# Engine Ping/Knock question



## Bigfoot21075 (Oct 12, 2015)

Hi Everyone,

As some know i just got my 1965 GTO. The car was restored by the previous owner, I got it through one of the mega dealers in the midwest. The car is beautiful and it runs great. It is a rebuilt 389 with stainless headers and exhaust. It starts and idles fine with no odd noises. 

When driving (it is easiest to hear in 4th gear) I hear a fairly loud pinging under light and heavy throttle, it sort of goes away in between. If i cruise at 45mph in 4th and apply light throttle it seems to make the noise the most. At first i was not sure if this was pinging or that noise stainless headers make, but I am pretty sure it is pinging - but again hard to tell. I know the lifters are adjustable also.

I just put in 12 gallons of Shell 93 Octane (10% ethanol) gas. That filled it up, i have no idea how old the gas in the tank was or what it was or how much was in there.

The car now has HEI ignition

I hear no obvious vacuum leaks

Any ideas on what may be the cause? I am hesitant to just knock the timing back as it runs and starts perfectly....


----------



## oldskool (Apr 26, 2015)

"...Any ideas on what may be the cause? I am hesitant to just knock the timing back as it runs and starts perfectly..."


Could be too much vacuum advance. Try this. Unhook your vac advance and plug the vac source. Then road test and see if that stopped the ping. If it did, then buy an adjustable vac advance. Start at the lowest advance setting and increase it slowly til you begin to hear a slight ping again. Then back it off some, to provide a margin of safety. I reckin you could call this method "Test & Tune".

If unhooking the vac advance did not stop the ping, you may have to "knock the timing back" a bit, anyhow. 

[ame]http://www.amazon.com/Crane-Cams-99600-1-Adjustable-Advance/dp/B000CIO2JU[/ame]


http://www.jegs.com/i/Crane+Cams/27...efDZx7K4PIRyWIjliujO7rmAzNPCh7YcssaAhUO8P8HAQ

[ame]http://www.amazon.com/ACCEL-31035-Adjustable-Vacuum-Advance/dp/B000BW8LSU[/ame]

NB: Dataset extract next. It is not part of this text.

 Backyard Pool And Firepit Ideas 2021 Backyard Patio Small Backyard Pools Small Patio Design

http://www.summitracing.com/parts/m...kfkGJ-DkSV4idFZlyLh8YvDZCvaoiiTU_EaAgAN8P8HAQ

http://www.summitracing.com/parts/p...EgkBI9u-fmXShzSpS8s32TqdmIfNaMa6QoaAnYk8P8HAQ

http://www.jegs.com/i/JEGS+Performance+Products/555/40003/10002/-1


----------



## PontiacJim (Dec 29, 2012)

If the compression was not lowered during the rebuild, 93 octane is probably not enough. You can try what oldskool suggested to see if that will help, but dropping your timing back may cause a loss of power and can also cause the engine to run hotter, so if you do retard the timing, just go enough to eliminate the pinging and see how your engine responds. I used to time my cars this way and it always worked, but that was when you could buy leaded gas too.

Do not let the pinging continue as this is a good way to wipe out bearings or damage pistons. You may need to add an octane booster or go with a higher octane gas.


----------



## Lemans guy (Oct 14, 2014)

bf! i agree with old school and PJ. Likely timing. Does the car have a whiz bang billet racing distributor? With no vacumn advance?

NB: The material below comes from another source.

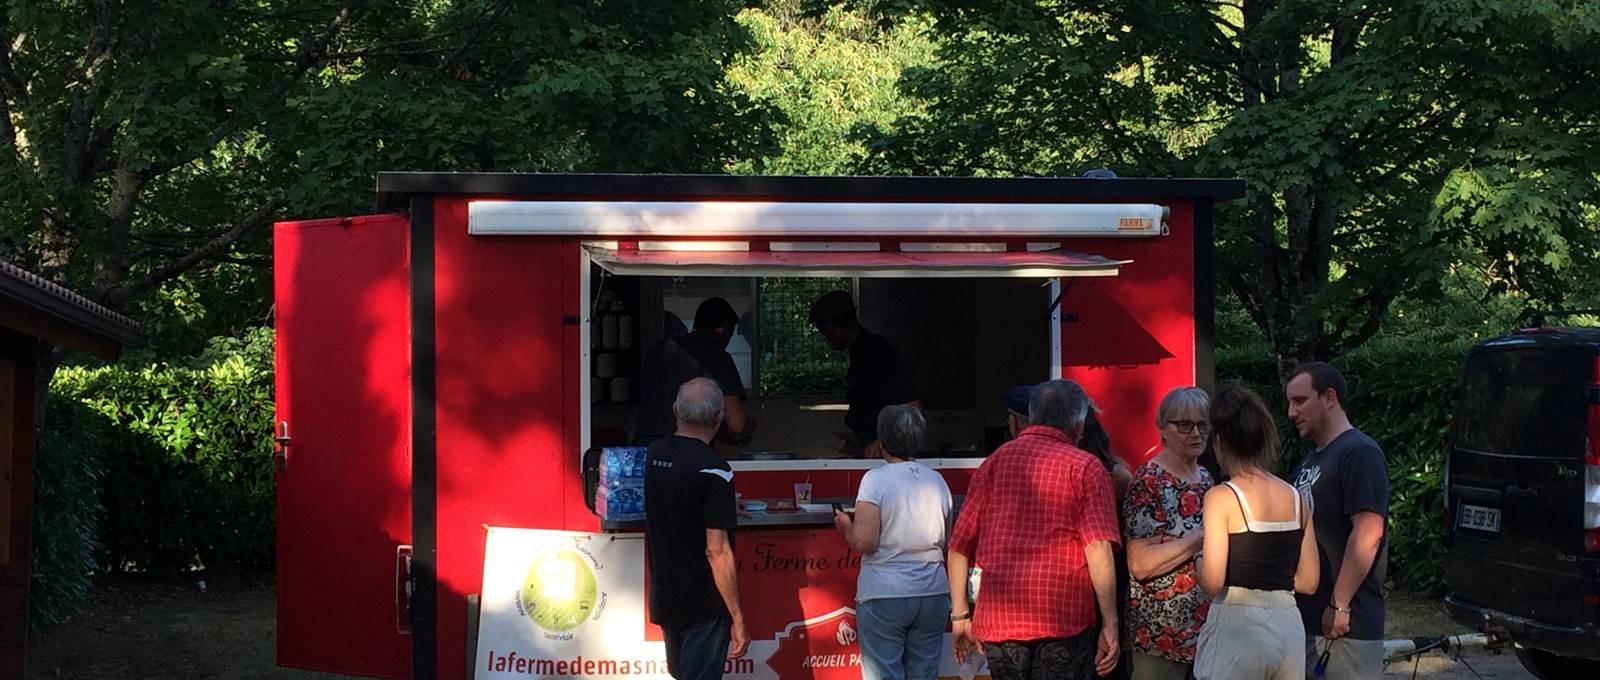 Food truck la ferme des Masnaud - Camping de la Lande - Nexon

It could be set up, curved all wrong, as it is likely giving you too much timing at say 45mph and light throttle......How? Light springs on the distributor bringing all the advance in.....the wrong vacumn canister in the distributor giving way to much advance......or a distributor with no vac advance for racing.....and bad for street driving....

Start there, if you can run your own timing...8 to 12 base, you set.....say 10...

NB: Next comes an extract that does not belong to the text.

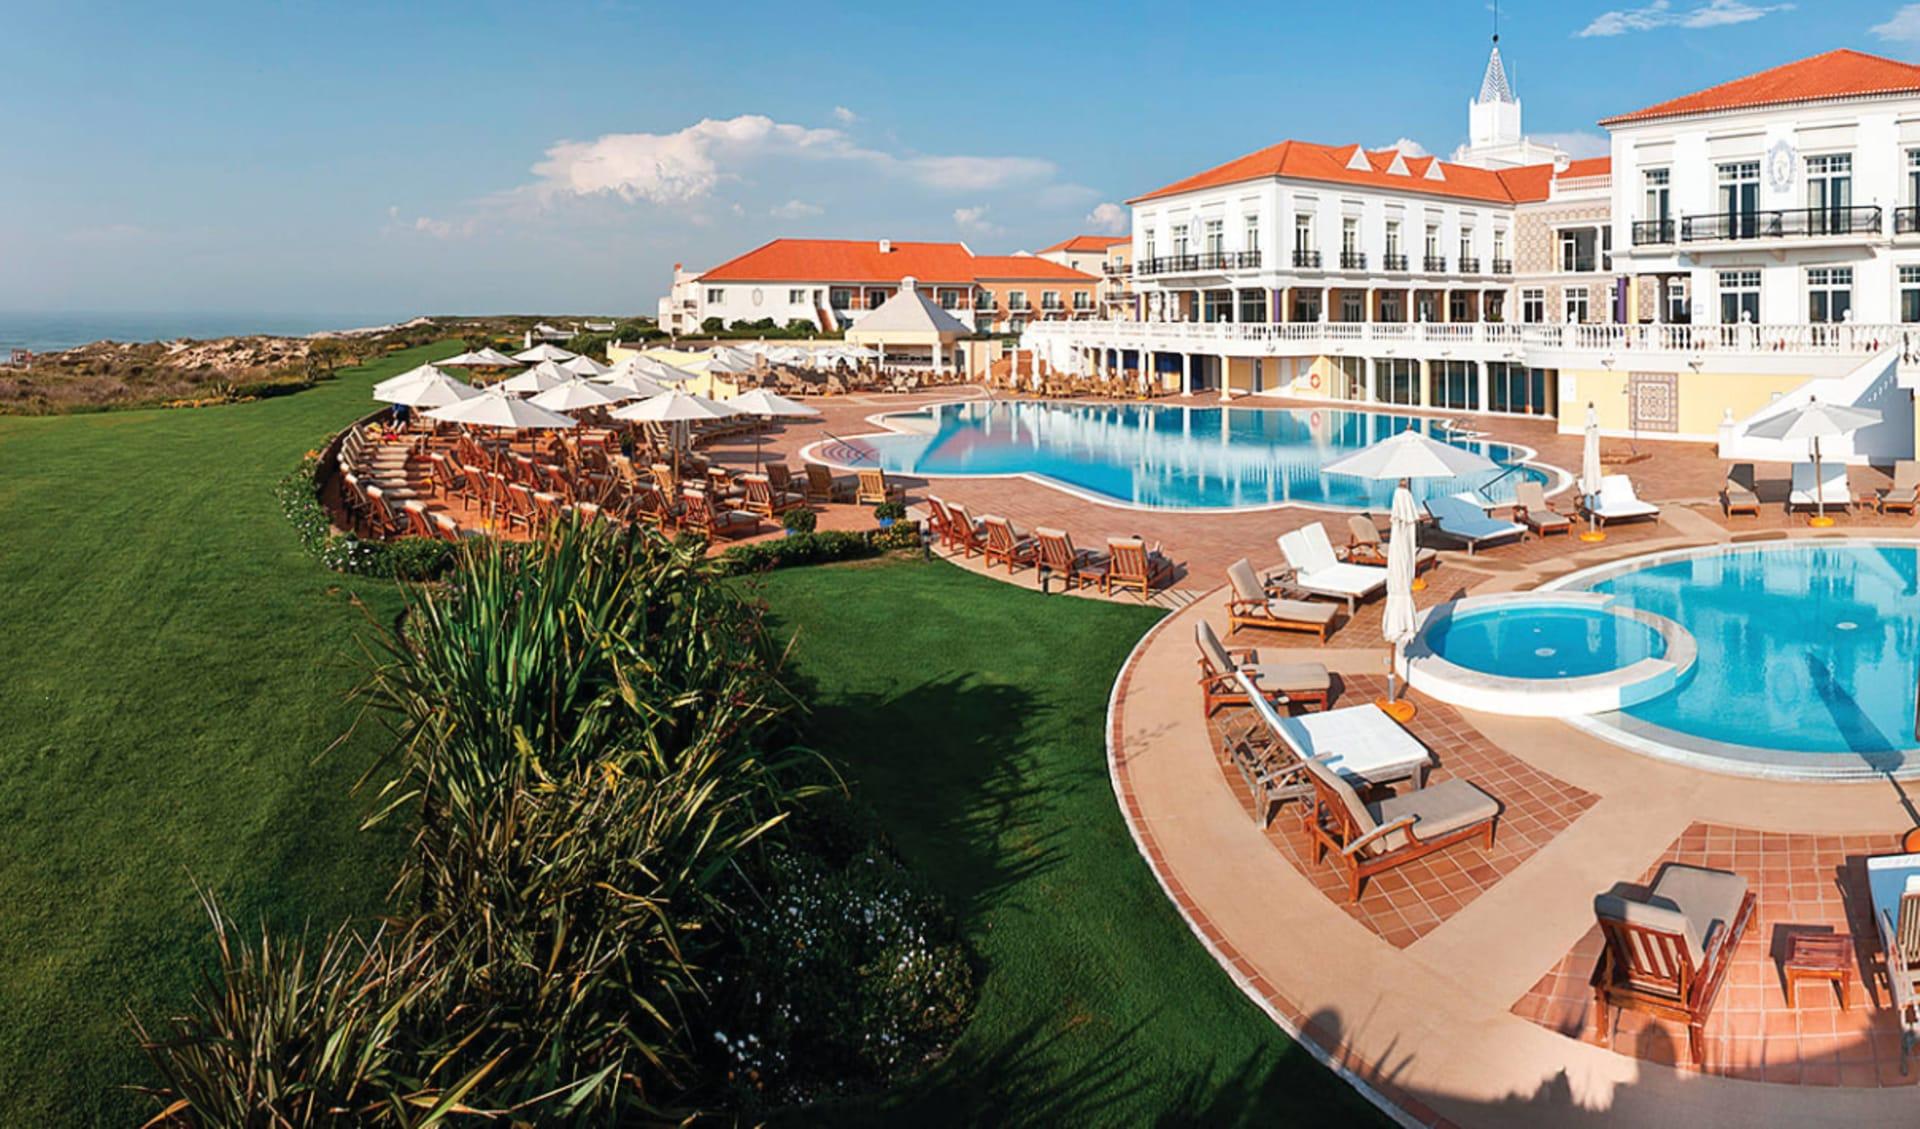 Praia d'el Rey Marriott Golf & Beach Resort in Cascais: Hotel - Exterior (6)

16 more on the vac can....now 26..... And 26 on the centrifugal weights on the dist....52 degrees bedcovers at light throttle cruise say 65 mph...2,800..3,000 RPM...at 45 not all in as it would be lower, say RPM's at 2000...

Lot's of factors but check that dizzy first....OLD school and PJ are spot on....

Could be other things, just start at dizzy, make it right, then go from there

You will get it! And super 65! Looks Fun!:thumbsup::thumbsup:


----------



## Bigfoot21075 (Oct 12, 2015)

GREAT points everyone - THANKS this gives me a lot to go on. I should be able to play more with it this weekend. It is running an HEI distributor, I did not look to see what kind, also it may well be a high compression motor. I have a good series of things to try;

- Pull the vacuum advance line and plug the source just to see if it effects the ping
- Try 108 octane boost in a bottle, I have a Shell station not far from me that sells 104 at the pump for an insane price, but I already filled up with 93.
- I will also pull the plugs and see if i can get a read on what is going on there
- Have a look at the distributor and make sure it is "normal"
- If nothing else try retarding the timing

The car seems to be a healthy street setup, it even runs RedLines and it is a Ragtop so a race setup seems unlikely. I am guessing the guy built it hot, and 93 octane, 10% ethanol gas is not good with it. I know the Ethanol gas no longer has any stabilizers in it and has an unbelievably SHORT shelf life. I will also run Marine Stabil (the blue stuff) once I get this squared away.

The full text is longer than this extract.